分配/获取:避免在 R 中通常不推荐使用的 assign
和 get
。相反,直接将对象保存为列表中的项目。第一个循环可以绕过将子项分配为单独变量的需要:
data_pct_matrix_list <- lapply(seq_along(harps), function(i)
counts <- table(Y[[i]][[5]], Y[[i]][[3]])
pct_matrix <- apply(counts, 2, function(x) x*100/sum(x, na.rm=TRUE))
return(pct_matrix)
)
最后assign
包裹barplot
也可以重构:
plot_list <- lapply(data_percentage_matrix_list, function(mat)
barplot(mat, main = "Breakdown of Property Score Distribution", sub = hotelname,
col = coul, las = 1, cex.names = .6, horiz = TRUE, yaxs="i", xlab = "Percentage",
cex.axis = .8, cex.lab = .8, cex.main = .8, cex.sub = .8))
)
循环:尽可能避免多个for
或嵌套循环。在 R 中,lapply
是一个隐藏循环。您在 391 个 PDF 中的 391 个绘图的问题可能是由于嵌套的 lapply
within for
循环。考虑以下步骤:
-
首先,考虑您对一个数据框对象的处理。甚至可以将其概括为一个单独的函数。
然后,想想究竟哪些变化可以迭代。
R 的 apply 系列不仅包括 apply
和 lapply
,例如 mapply
可以运行元素循环以展平嵌套迭代或 by
(面向对象的包装器到 tapply
)可以子集数据按因子列划分帧并对它们运行操作。
在不查看示例数据的情况下,考虑以下需要针对数据进行测试的方法。下面假设 Y
被定义为来自 hotel_report
数据帧的子集列表 Harp Number
。
mapply
/ Map
方法
在等长对象data_pct_matrix_list
和harps
之间逐元素迭代。
data_pct_matrix_list <- lapply(seq_along(harps), function(i)
counts <- table(Y[[i]]$`Score Label`, Y[[i]]$`Question ID`)

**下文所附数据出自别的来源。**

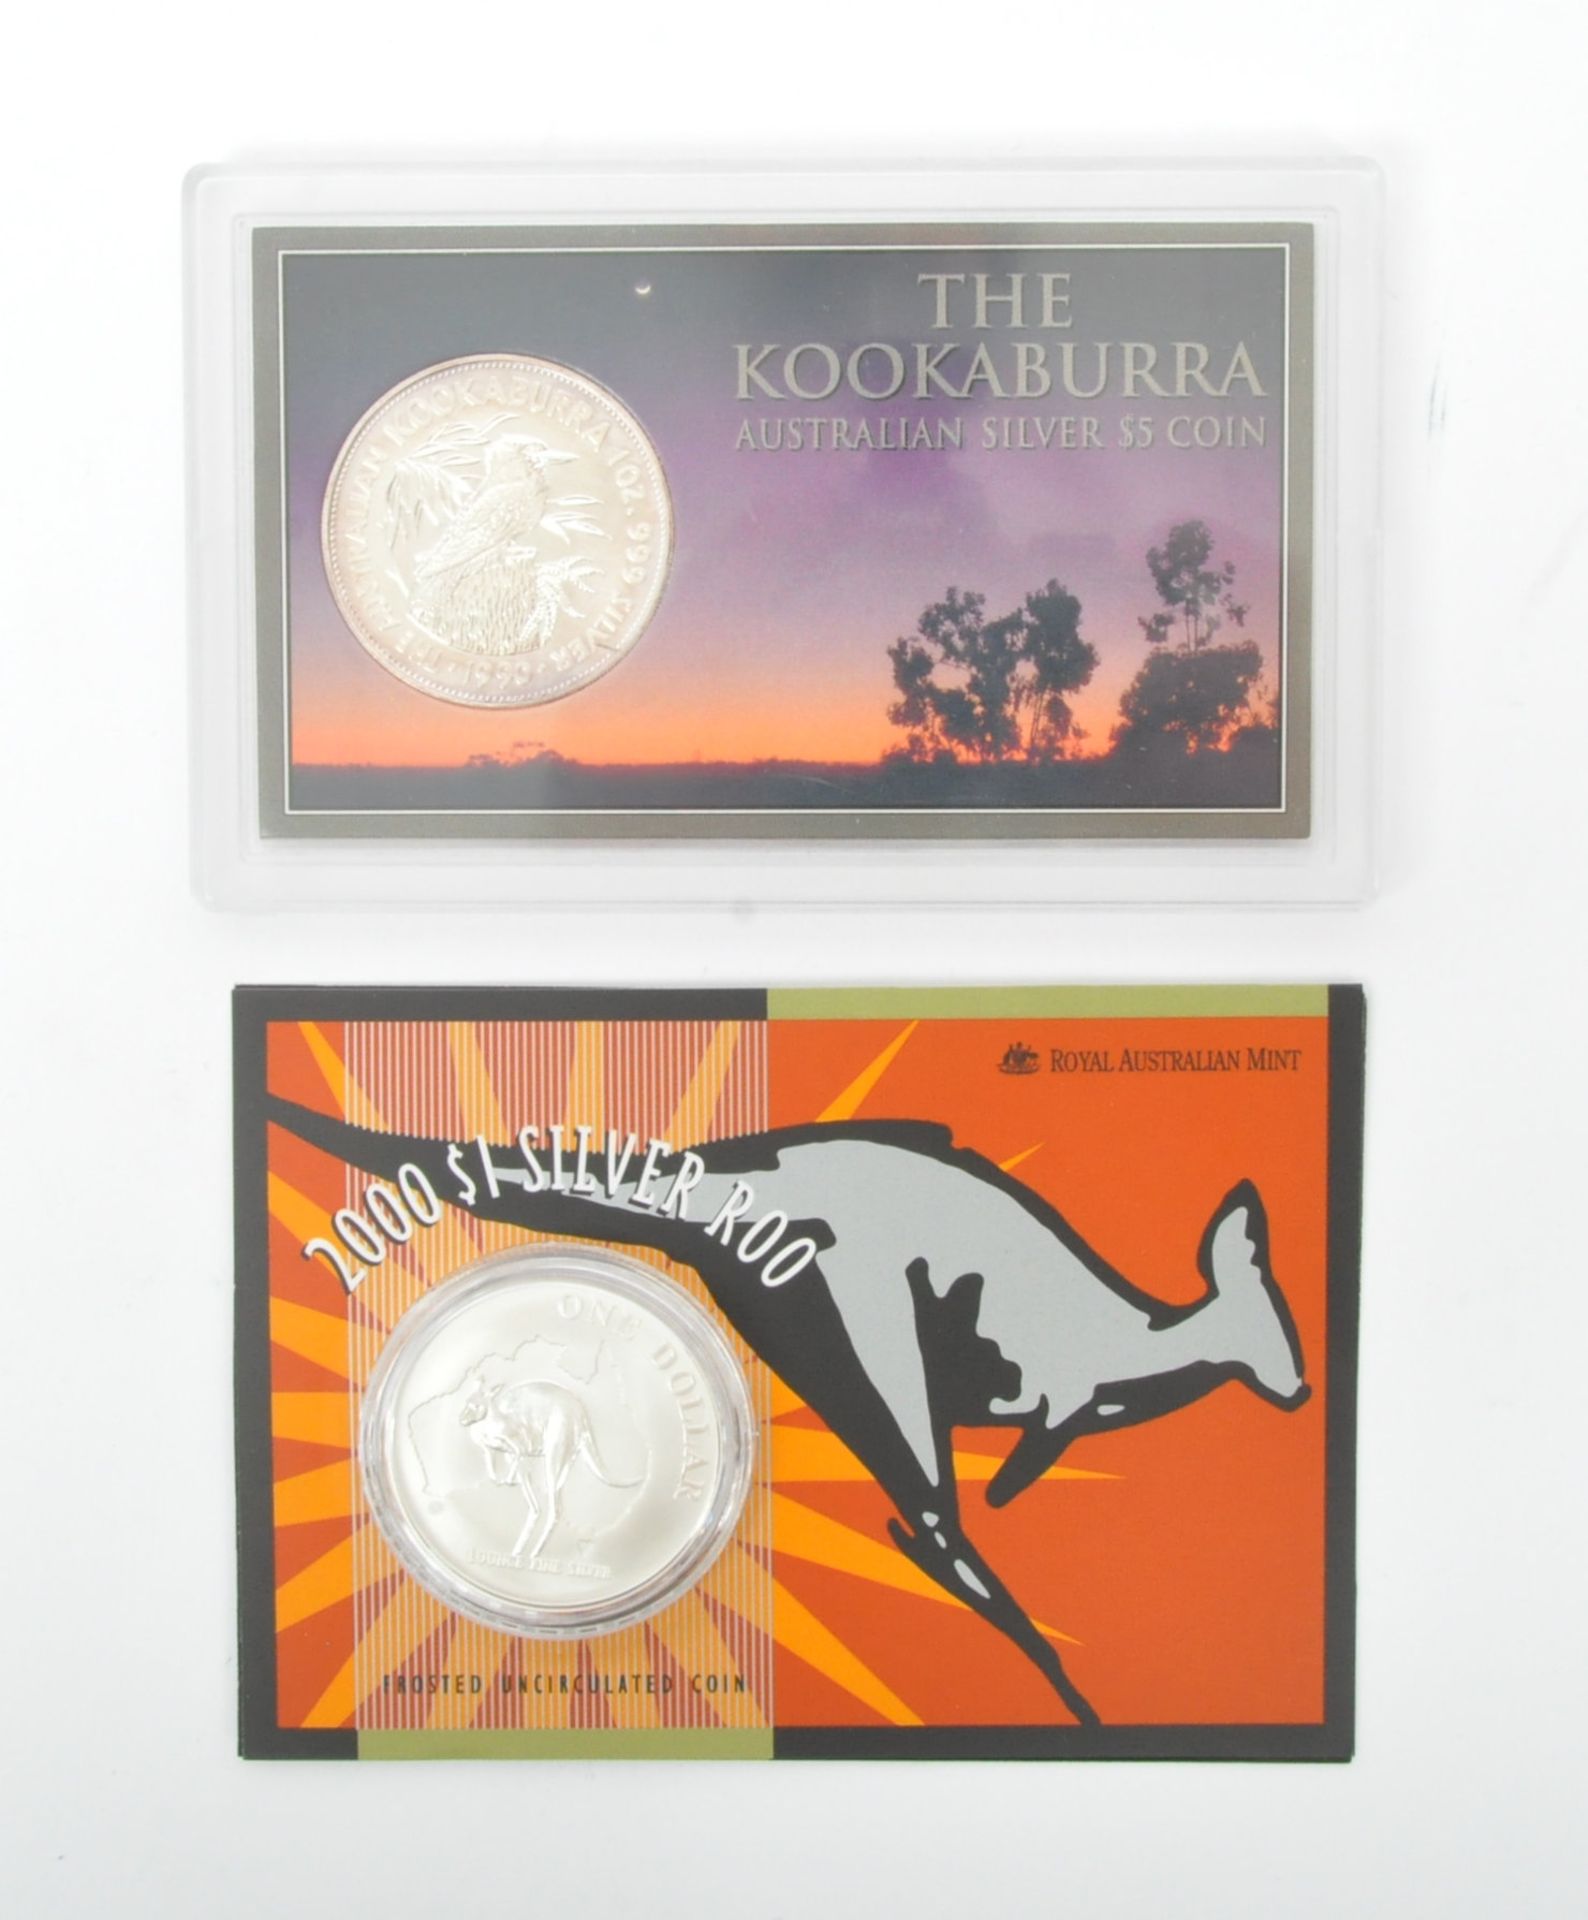 TWO SOLID SILVER AUSTRALIAN PROOF COINS - ONE DOLLAR & FIVE DOLLAR

pct_matrix <- apply(counts, 2, function(x) x*100/sum(x, na.rm=TRUE) )
return(pct_matrix)
)
build_pdf <- function(data, harp)
# For Hotel Name Subtitle
hotelname <- hotel_report$`Hotel (Q15 1)`[hotel_report$`Harp Number` == harp]
# Plot the Data
pdf(file = paste0(harp, ".pdf"), paper = "USr", width=8, height=7)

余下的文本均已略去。